__YOUR GOAL__.
Transcribe the records below exactly as they appear.

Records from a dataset
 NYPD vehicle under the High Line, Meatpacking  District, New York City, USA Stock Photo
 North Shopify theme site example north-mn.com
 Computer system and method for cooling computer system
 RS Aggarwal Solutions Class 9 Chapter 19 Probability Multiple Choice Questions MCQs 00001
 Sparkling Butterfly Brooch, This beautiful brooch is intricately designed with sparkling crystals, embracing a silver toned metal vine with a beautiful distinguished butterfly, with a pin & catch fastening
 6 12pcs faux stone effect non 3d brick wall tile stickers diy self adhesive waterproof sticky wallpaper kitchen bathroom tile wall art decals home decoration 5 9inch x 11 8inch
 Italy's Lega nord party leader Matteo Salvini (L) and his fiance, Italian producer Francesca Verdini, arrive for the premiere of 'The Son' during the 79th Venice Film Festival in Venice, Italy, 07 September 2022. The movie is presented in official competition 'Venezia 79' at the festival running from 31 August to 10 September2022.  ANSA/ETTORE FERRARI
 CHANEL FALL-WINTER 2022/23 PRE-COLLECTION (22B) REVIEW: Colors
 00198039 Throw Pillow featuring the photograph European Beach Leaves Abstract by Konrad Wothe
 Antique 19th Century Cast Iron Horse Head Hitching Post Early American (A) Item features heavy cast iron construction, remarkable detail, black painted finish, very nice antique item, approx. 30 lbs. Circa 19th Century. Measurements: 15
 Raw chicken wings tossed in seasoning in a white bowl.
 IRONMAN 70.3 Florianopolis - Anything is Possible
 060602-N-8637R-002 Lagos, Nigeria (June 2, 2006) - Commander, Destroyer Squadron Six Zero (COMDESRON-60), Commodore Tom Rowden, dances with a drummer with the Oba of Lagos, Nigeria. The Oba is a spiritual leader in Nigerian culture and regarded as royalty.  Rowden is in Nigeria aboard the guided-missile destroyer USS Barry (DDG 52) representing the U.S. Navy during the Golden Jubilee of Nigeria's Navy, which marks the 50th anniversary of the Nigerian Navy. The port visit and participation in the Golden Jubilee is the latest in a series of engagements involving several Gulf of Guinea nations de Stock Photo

__WRITTEN SOLUTION__.
 NYPD vehicle under the High Line, Meatpacking  District, New York City, USA Stock Photo
 North Shopify theme site example north-mn.com
 Computer system and method for cooling computer system
 RS Aggarwal Solutions Class 9 Chapter 19 Probability Multiple Choice Questions MCQs 00001
 Sparkling Butterfly Brooch, This beautiful brooch is intricately designed with sparkling crystals, embracing a silver toned metal vine with a beautiful distinguished butterfly, with a pin & catch fastening
 6 12pcs faux stone effect non 3d brick wall tile stickers diy self adhesive waterproof sticky wallpaper kitchen bathroom tile wall art decals home decoration 5 9inch x 11 8inch
 Italy's Lega nord party leader Matteo Salvini (L) and his fiance, Italian producer Francesca Verdini, arrive for the premiere of 'The Son' during the 79th Venice Film Festival in Venice, Italy, 07 September 2022. The movie is presented in official competition 'Venezia 79' at the festival running from 31 August to 10 September2022.  ANSA/ETTORE FERRARI
 CHANEL FALL-WINTER 2022/23 PRE-COLLECTION (22B) REVIEW: Colors
 00198039 Throw Pillow featuring the photograph European Beach Leaves Abstract by Konrad Wothe
 Antique 19th Century Cast Iron Horse Head Hitching Post Early American (A) Item features heavy cast iron construction, remarkable detail, black painted finish, very nice antique item, approx. 30 lbs. Circa 19th Century. Measurements: 15
 Raw chicken wings tossed in seasoning in a white bowl.
 IRONMAN 70.3 Florianopolis - Anything is Possible
 060602-N-8637R-002 Lagos, Nigeria (June 2, 2006) - Commander, Destroyer Squadron Six Zero (COMDESRON-60), Commodore Tom Rowden, dances with a drummer with the Oba of Lagos, Nigeria. The Oba is a spiritual leader in Nigerian culture and regarded as royalty.  Rowden is in Nigeria aboard the guided-missile destroyer USS Barry (DDG 52) representing the U.S. Navy during the Golden Jubilee of Nigeria's Navy, which marks the 50th anniversary of the Nigerian Navy. The port visit and participation in the Golden Jubilee is the latest in a series of engagements involving several Gulf of Guinea nations de Stock Photo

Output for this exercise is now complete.